In fact, trade deficits are the only factor behind the steeper tariffs announced-those higher than the blanket 10 percent tariff applied even to countries with which we have a trade surplus, such as the United Kingdom. Details released by the White House confirm that the purported foreign "tariffs" it claims to be responding to with higher "reciprocal" tariffs are derived from nothing other than goods trade deficits. The administration's numbers treat those deficits, which in reality are largely a byproduct of America's investment-driven economy, as if they are foreign attacks that demand retaliation.

The big kernel of truth in all of this? Trade deficits in manufactured goods are a genuine point of concern. Deficits are not the sole cause of U.S. manufacturing's decline, but they do play a role and reflect a grave underlying problem-one that needs to be addressed with both trade and non-trade measures targeted at strengthening our high-value, innovation-intensive manufacturing sectors in particular.

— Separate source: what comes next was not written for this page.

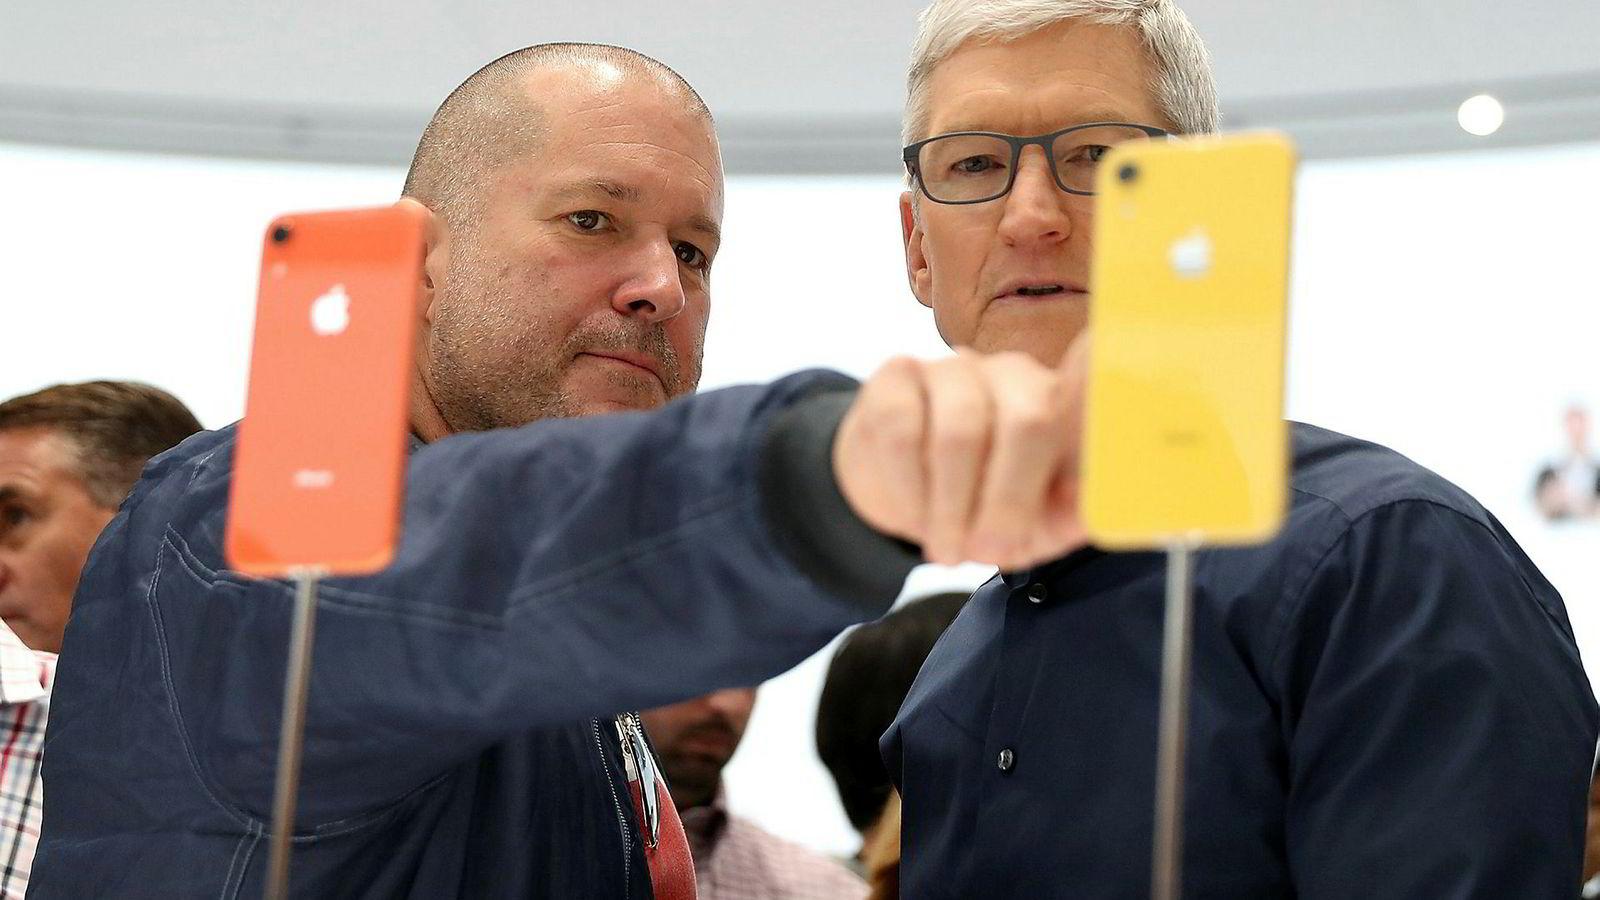 Apples sjefdesigner gjennom mange år, Jony (Jonathan) Ive (til venstre) slutter i selskapet. Her står han sammen med Apple-sjef Tim Cook.

Unfortunately, the fetishization of goods trade deficits in the April 2 announcement does a disservice to the many other pressing trade issues impacting the broader U.S. economy. These issues include many that impact the 80 percent of GDP and 85 percent of jobs derived from the services sector, especially high-value, innovation-intensive services, as well as the intellectual property assets on which they depend.

These vital sectors face myriad trade barriers, including discriminatory taxation (e.g., digital services taxes), disproportionate regulation, and obstacles to cross-border information flows, to name just a few. Previous announcements from the Trump administration held out the promise of a renewed focus on these non-tariff barriers to services and information technology trade, which had been largely neglected under the Biden administration. Renewing that focus actually makes sense if you care about trade deficits: The United States runs a $287 billion trade surplus in services.

Alas, the president's April 2 announcement, fixated on goods trade deficits, tends to signal to U.S. trading partners that this single metric alone embodies all U.S. concerns. To be clear, it does not. Erasing goods trade deficits won't address discrimination against U.S. tech companies or pry open the Chinese market, which remains firmly closed to many high-value U.S. services exporters.

The result is a potential lose-lose proposition for the industries, firms, and workers that represent the lion's share of the current U.S. economy. While they will endure all the disruption that a trade war brings to the wider economy, the hoped-for reductions in goods trade deficits will not at all ease these exporters' pressing concerns about unfair practices and unduly burdensome regulation in markets around the world-especially if countries reduce their deficits by simply ramping up commodity imports like timber, minerals, agricultural products, fish, and more.

So, is it possible that trade deficits are merely a convenient casus belli for launching a trade war that will ultimately pursue more comprehensive goals? It is possible. But a single-minded, narrowly focused trade war built on such a flimsy premise will struggle to sustain enough public support to achieve even its initial aims, much less enable a pivot to broader and more impactful goals.

We might have been better off leaving the penguins in peace.